Question

Question about the correlation coefficient for Linkage Disequilibrium (LD)

1

Entering edit mode

4.2 years ago

userabc ▴ 10

For the sake of notation, I'll write underscores as parantehsis, i.e. P_AB = P(AB), P_A = P(A), etc.

So the correlation coefficient depends on choice of "target alleles".

For example, for the correlation coefficient, you have:

r(AB) = [P(AB) - P(A)P(B)] / [sqrt((P(A)P(B)(P(a)P(b))]

and

r(Ab) = [P(Ab) - P(A)P(b)] / [sqrt((P(A)P(B)(P(a)P(b))]

The denominator is the same, but the numerator changed.

As far as I know, P(A), P(B), P(a), P(b) etc are all allele frequencies. P(AB), P(aB), P(Ab), P(ab) are haplotype frequencies.

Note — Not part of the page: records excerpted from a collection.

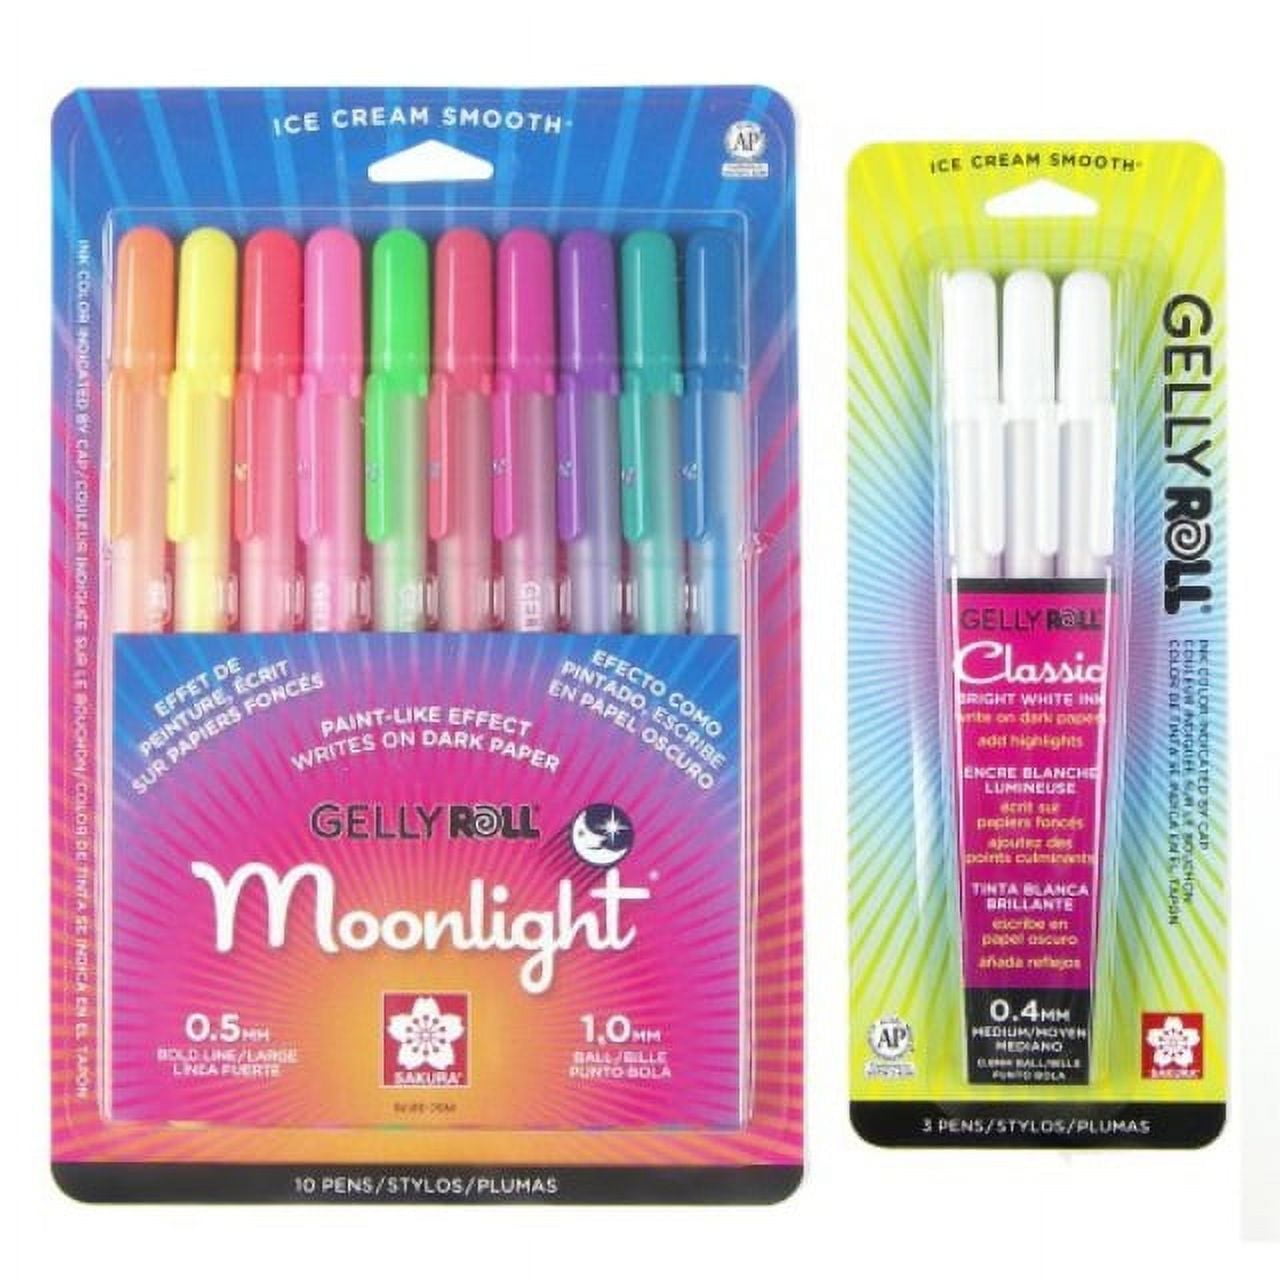 Sakura Gelly Roll Moonlight 10 Color Pack Pen Set and a Gelly Roll Medium  Point White 3 Pack Pen Set 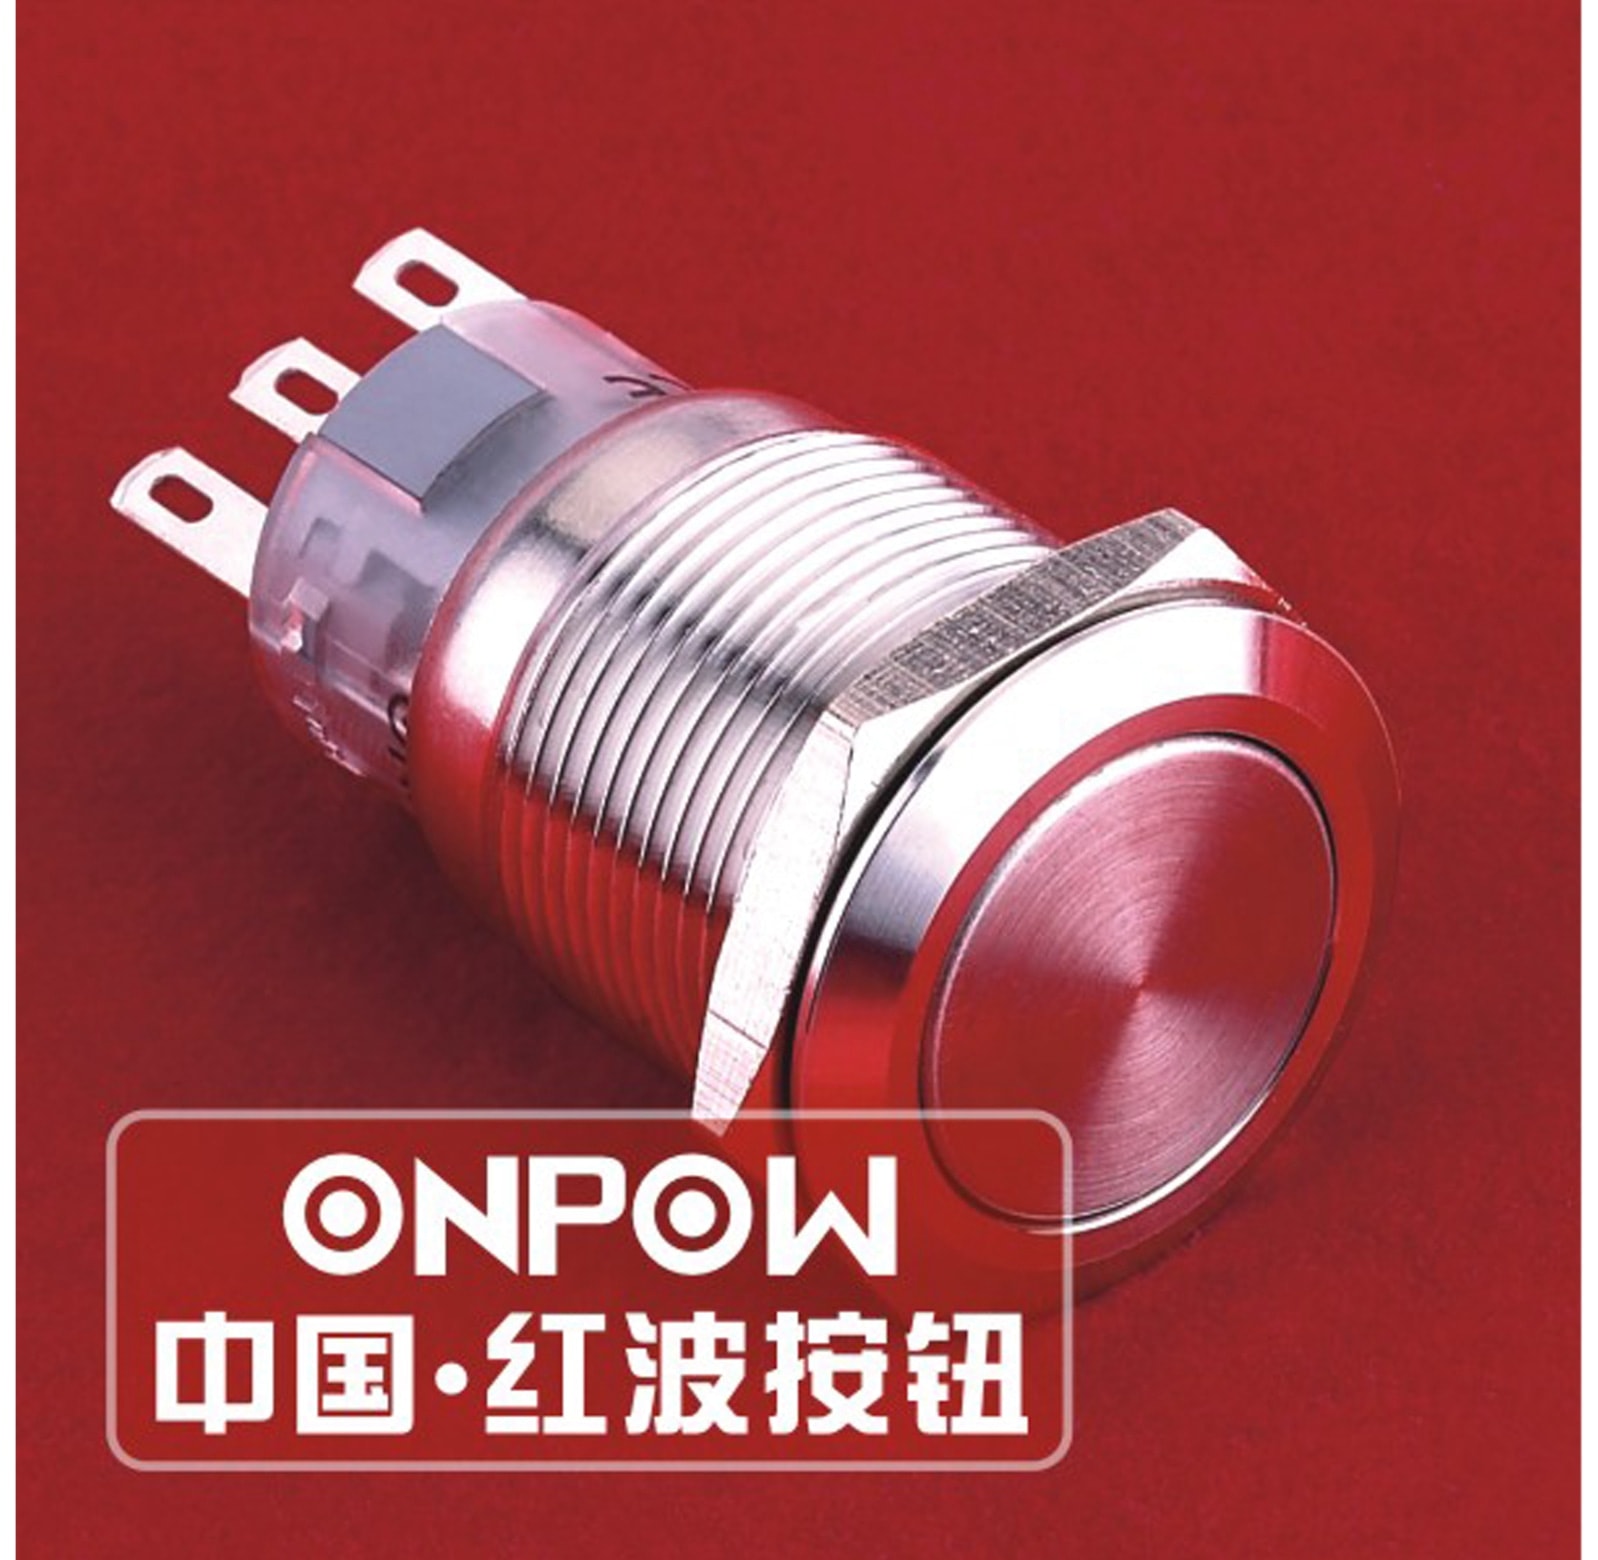 ONPOW Schalter, 24 V/DC, 1x Off/(On), Lötanschluss, flach rund, Edelstahl, 19 mm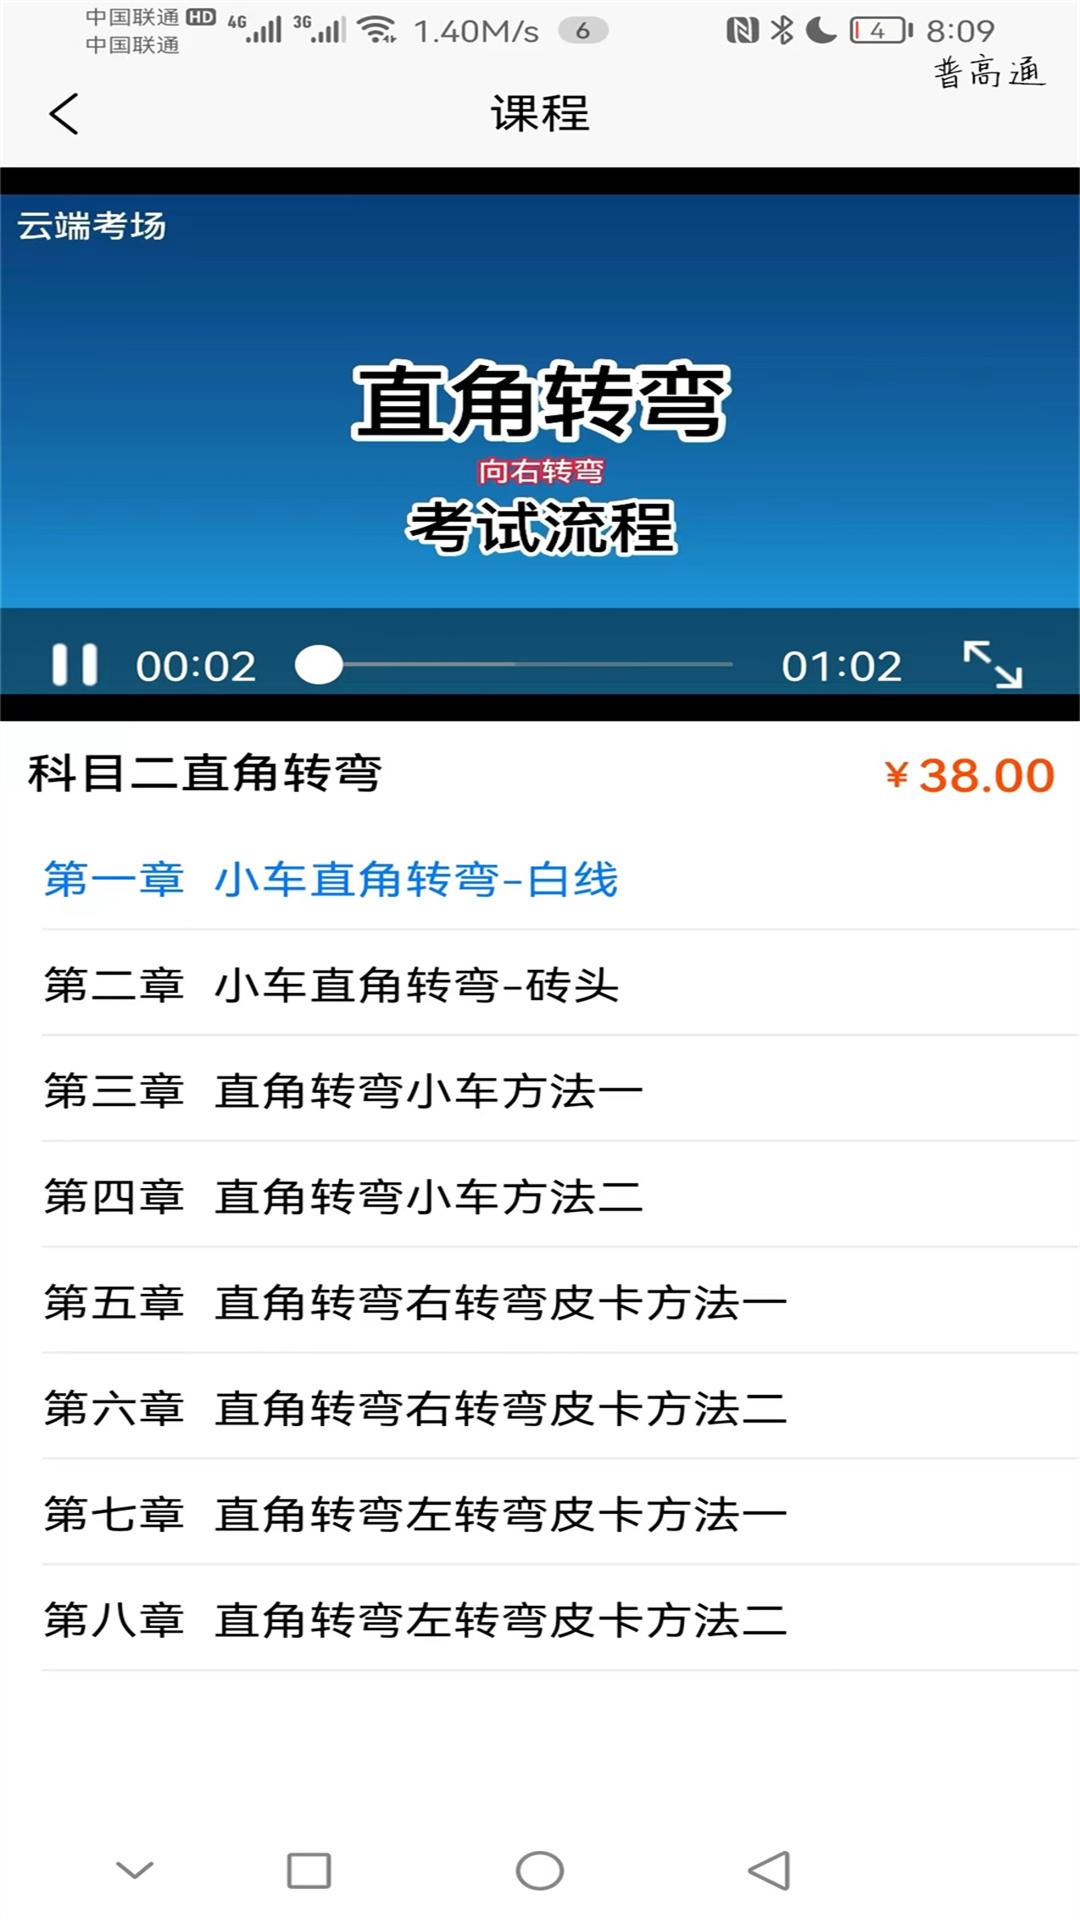 蓝枫网上学车手机软件app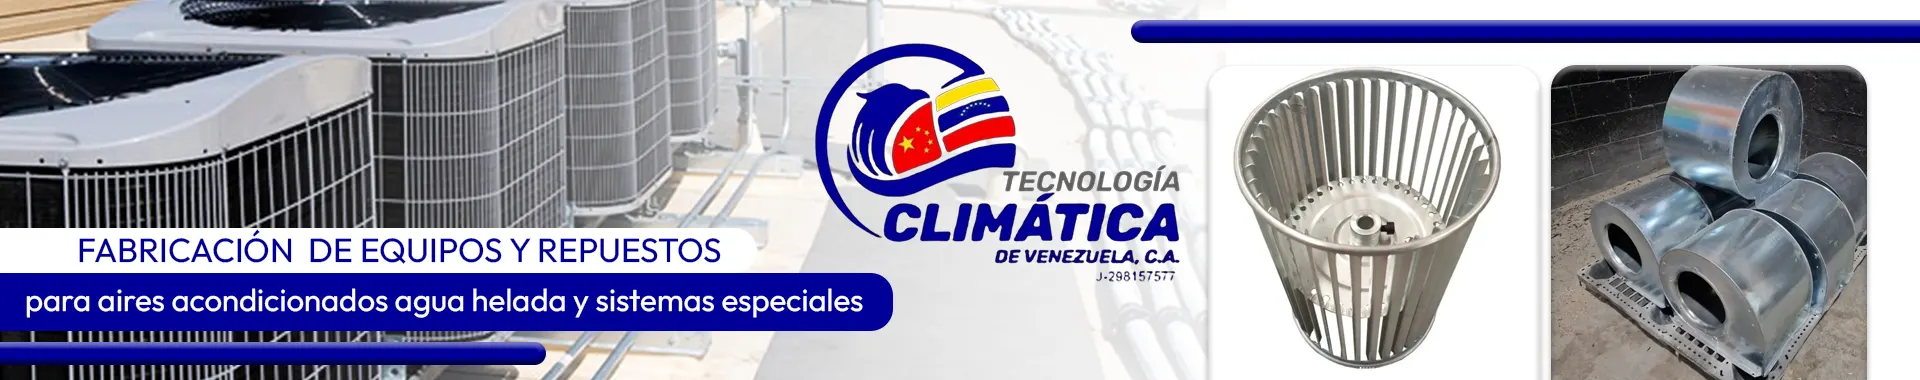 Imagen 1 del perfil de Tecnología Climática de Venezuela

When you have independence, which also means no LD (I think?). Then P(AB) = P(A)P(B). When you don't have independence on the other hand, you have:

P(AB) = P(A)P(B) +D,

P(Ab) = P(A)P(b) -D,

P(aB) = P(a)P(B) -D,

P(ab) =P(a)P(b) +D.

Ok so this is actually where the question starts. So in the book it says r^2 is zero if and only if D is zero. That makes sense, because if the D is zero, the numerator is zero (since you could rewrite the numerator as P(AB)-P(A)P(B) = D. But then it says r^2 = 1 only if either P(AB) =P(ab) = 0 or P(Ab) = P(aB) = 0.

How do I go about showing that? I've been trying to just plug in different stuff, but I'm not sure if that's how you're supposed to do it?

Example of what I've been trying to do. I'll try to get r = 1 since that would imply r^2 = 1.

Assume P(AB)=P(ab) = 0.

This immediately makes the numerator -P(A)P(B). And I can rewrite that to D since P(AB)=0.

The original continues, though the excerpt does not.